Редактиране

Споделяне чрез


Tutorial: Create a custom analyzer for phone numbers

In search solutions, strings that have complex patterns or special characters can be a challenge to work with because the default analyzer strips out or misinterprets meaningful parts of a pattern, resulting in a poor search experience when users can't find the information they expected. Phone numbers are a classic example of strings that are hard to analyze. They come in various formats, and they include special characters that the default analyzer ignores.

With phone numbers as its subject, this tutorial takes a close look at the problems of patterned data, and shows you to solve that problem using a custom analyzer. The approach outlined here can be used as-is for phone numbers, or adapted for fields having the same characteristics (patterned, with special characters), such as URLs, emails, postal codes, and dates.
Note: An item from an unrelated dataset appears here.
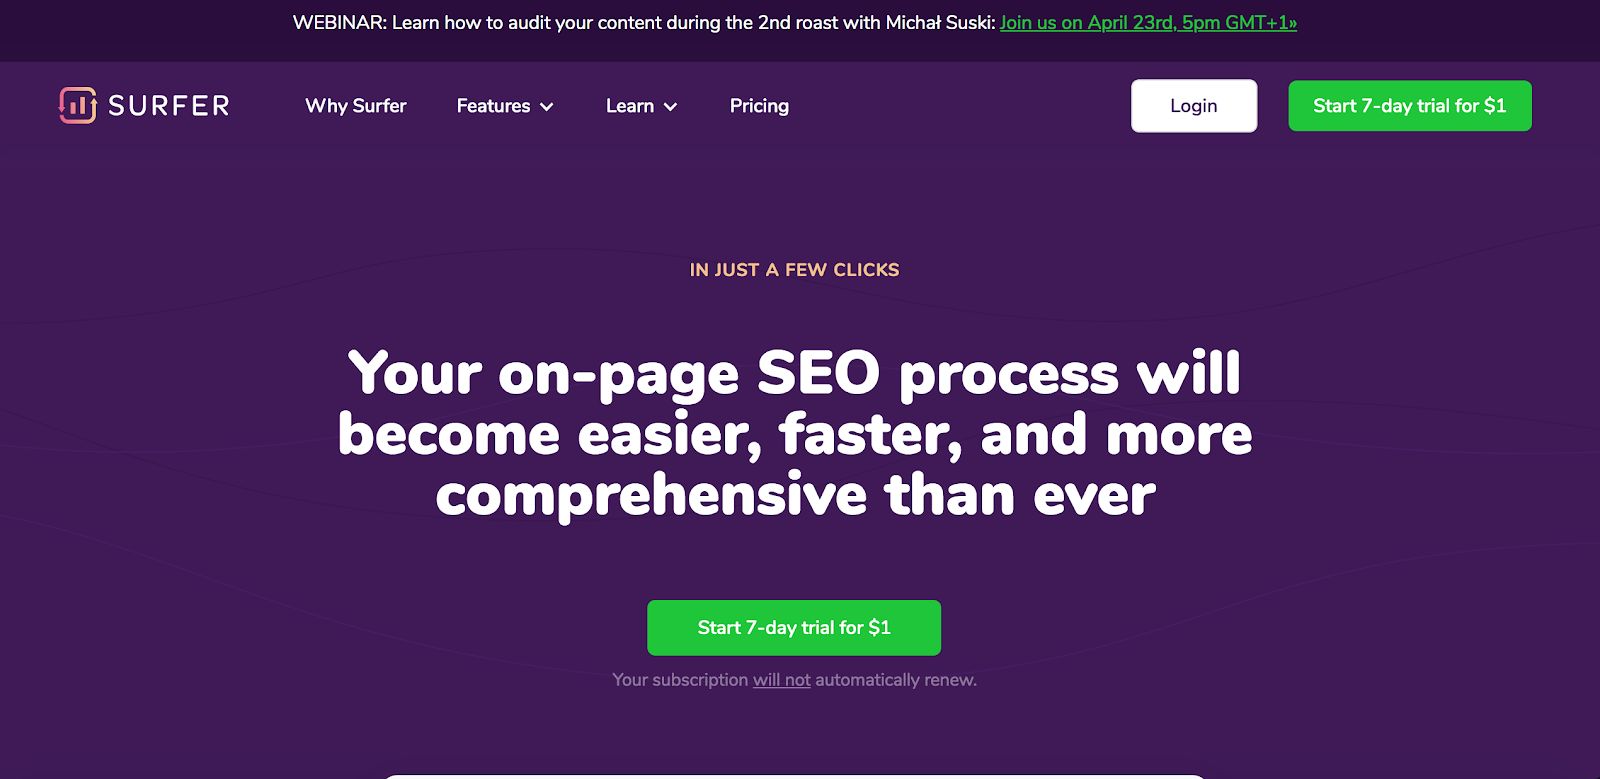 Surfer SEO Review

In this tutorial, you use a REST client and the Azure AI Search REST APIs to:

  • Understand the problem
  • Develop an initial custom analyzer for handling phone numbers
  • Test the custom analyzer
  • Iterate on custom analyzer design to further improve results

Prerequisites

The following services and tools are required for this tutorial.

Download files

Source code for this tutorial is the custom-analyzer.rest file in the Azure-Samples/azure-search-rest-samples GitHub repository.

Copy a key and URL

The REST calls in this tutorial require a search service endpoint and an admin API key. You can get these values from the Azure portal.

  1. Sign in to the Azure portal, navigate to the Overview page, and copy the URL. An example endpoint might look like https://mydemo.search.windows.net.

  2. Under Settings > Keys, copy an admin key. Admin keys are used to add, modify, and delete objects. There are two interchangeable admin keys. Copy either one.

    Screenshot of the URL and API keys in the Azure portal.

A valid API key establishes trust, on a per request basis, between the application sending the request and the search service handling it.

Create an initial index

  1. Open a new text file in Visual Studio Code.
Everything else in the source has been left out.